United Nations Security Council Resolution 314, adopted on February 28, 1972, concerned that certain states were not complying with resolution 253, the Council decided that the sanctions against Southern Rhodesia set out in 253 would remain fully in force. It also urged all states to implement fully resolution 253 and declared that any legislation passed or act taken by any state with a view to permitting the importation of any commodity from Southern Rhodesia falling into the scope of 253 (chrome ore was specifically mentioned) would undermine the sanctions and be contrary to the state's obligations under the United Nations Charter.

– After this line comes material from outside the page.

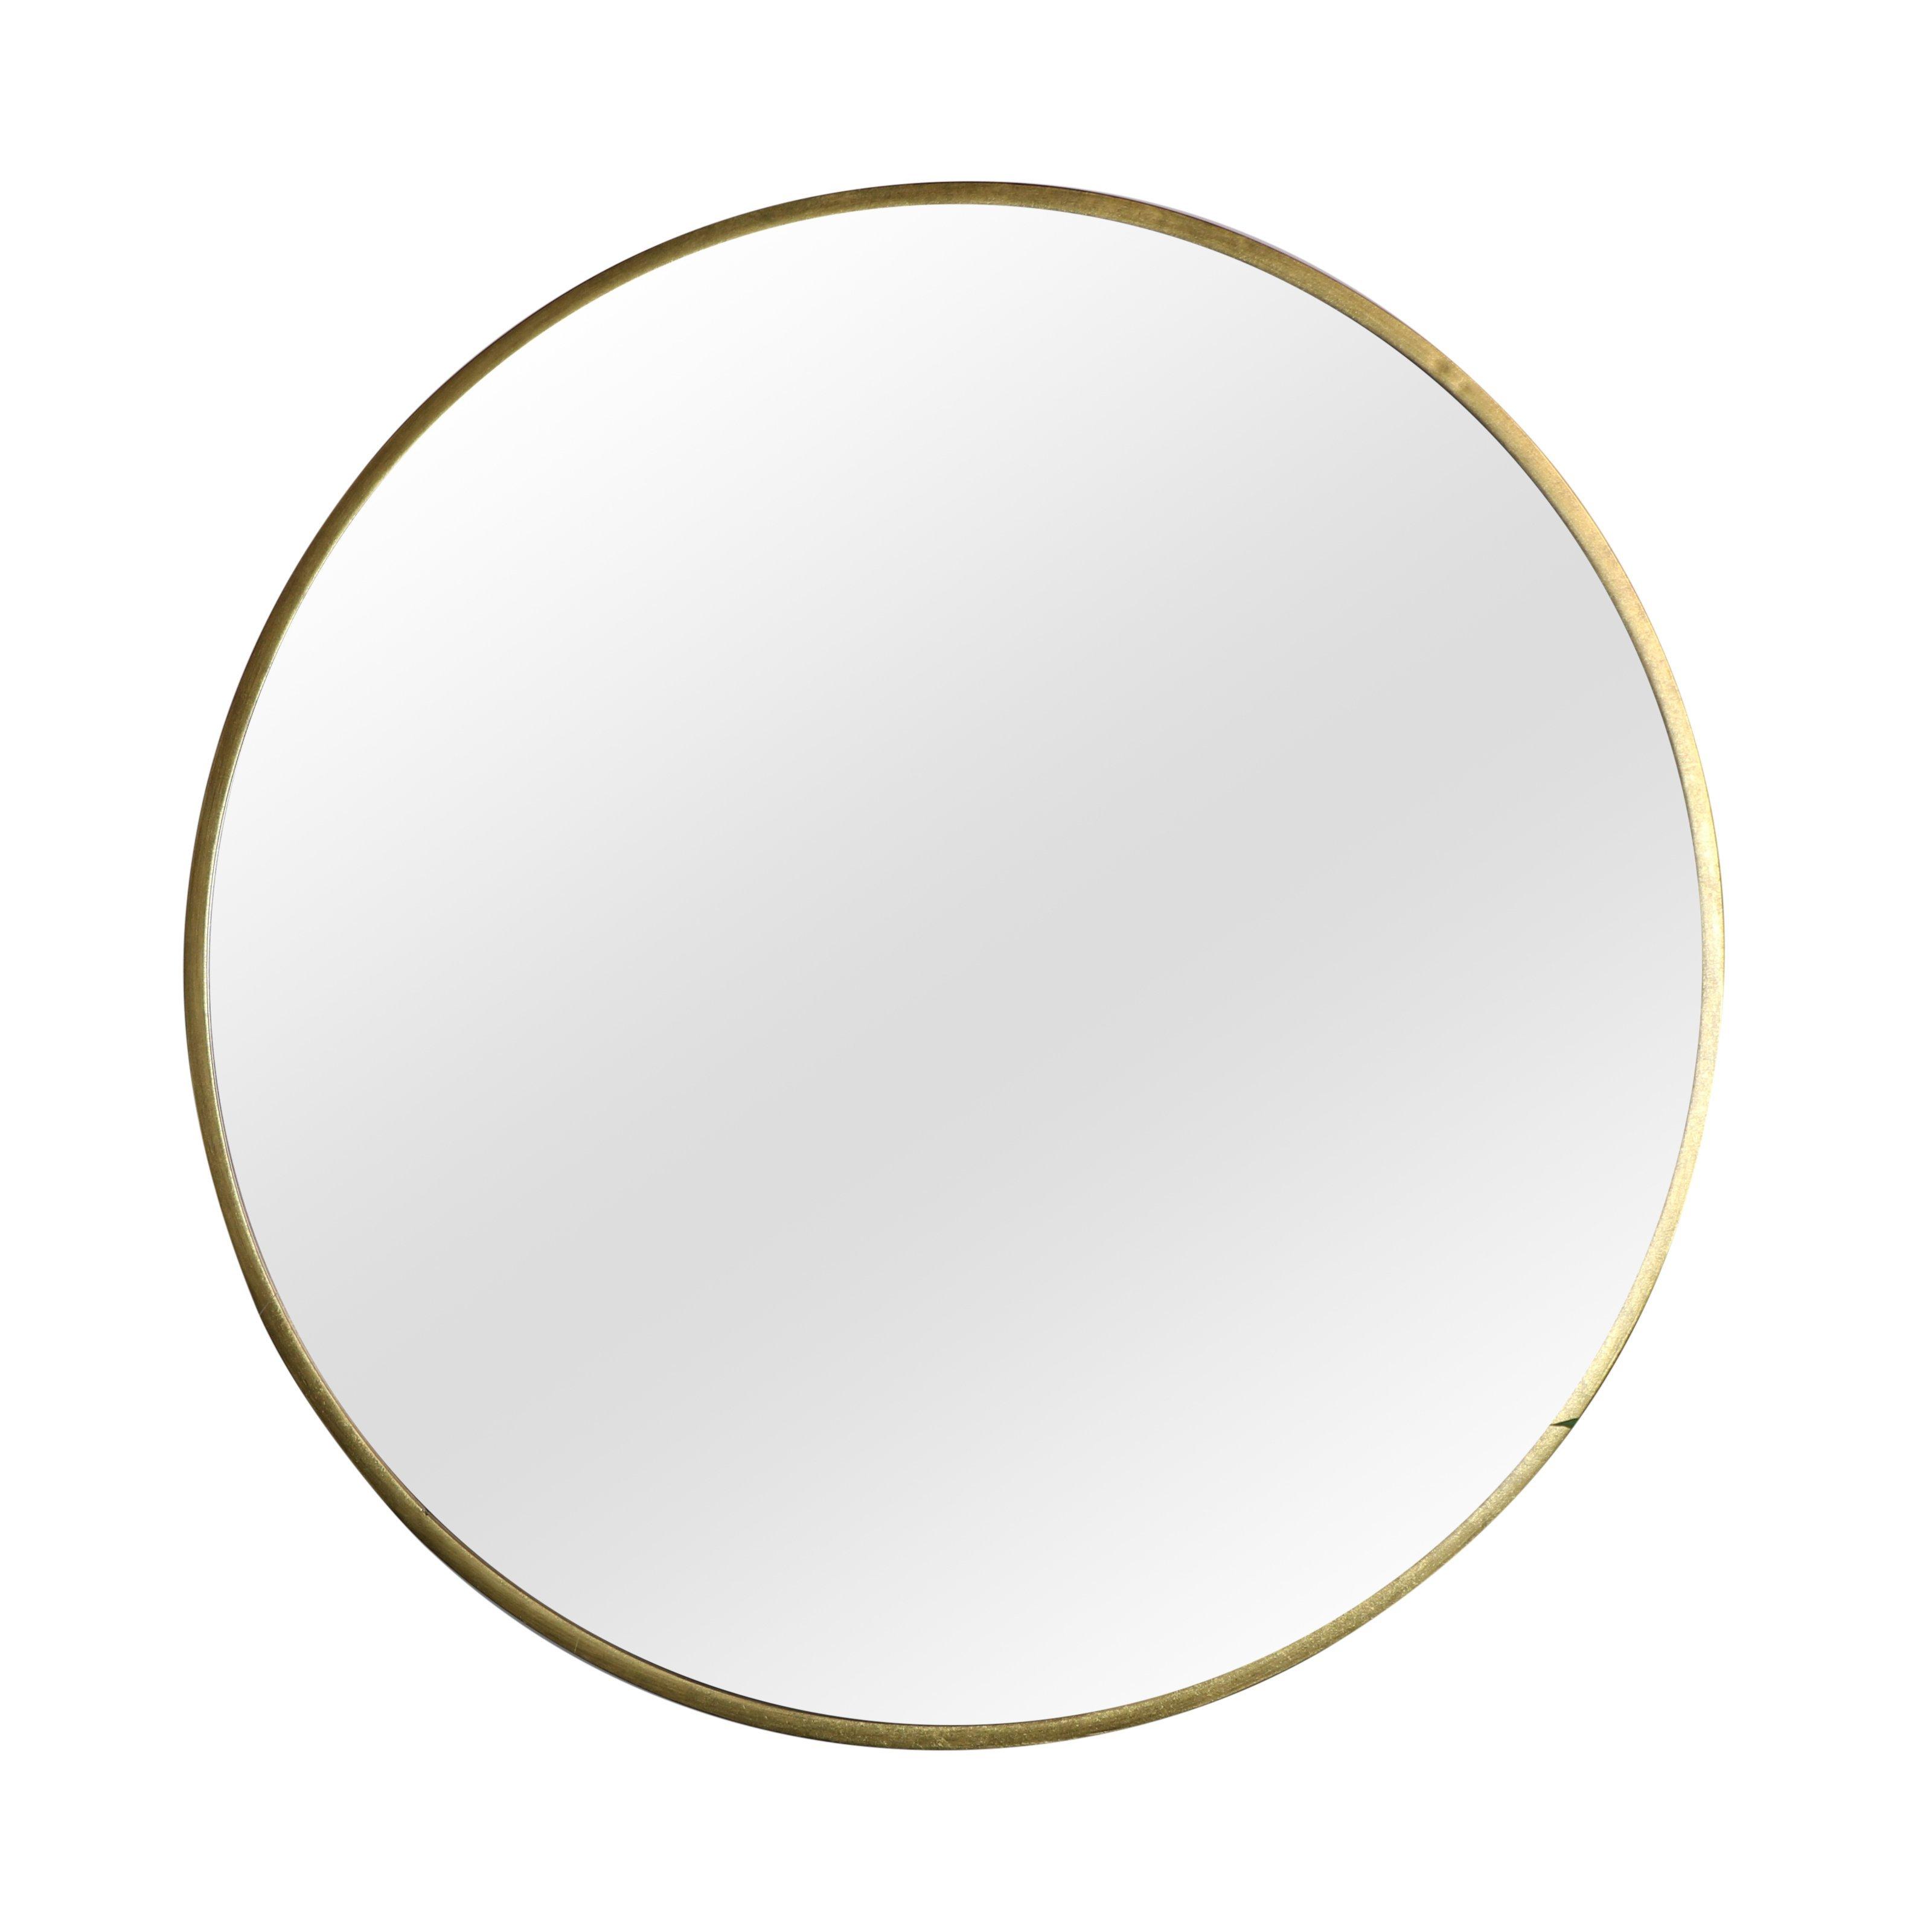 Extra Large Round Gold Wall Mirror 120cm X 120cm (1.2 M X 1.2 M)

The Council drew the attention of all States to the need for increasing vigilance in implementing the provisions and requested the Committee established in 253 meet and submit a report not later than April 15 recommending ways and means by which the implementation of the sanctions would be ensured and requested the Secretary-General to provide all appropriate assistance to the Committee.

The resolution was adopted by 13 votes to none, with two abstentions from the United Kingdom and United States.

==See also==
- List of United Nations Security Council Resolutions 301 to 400 (1971–1976)
- Unilateral Declaration of Independence (Rhodesia)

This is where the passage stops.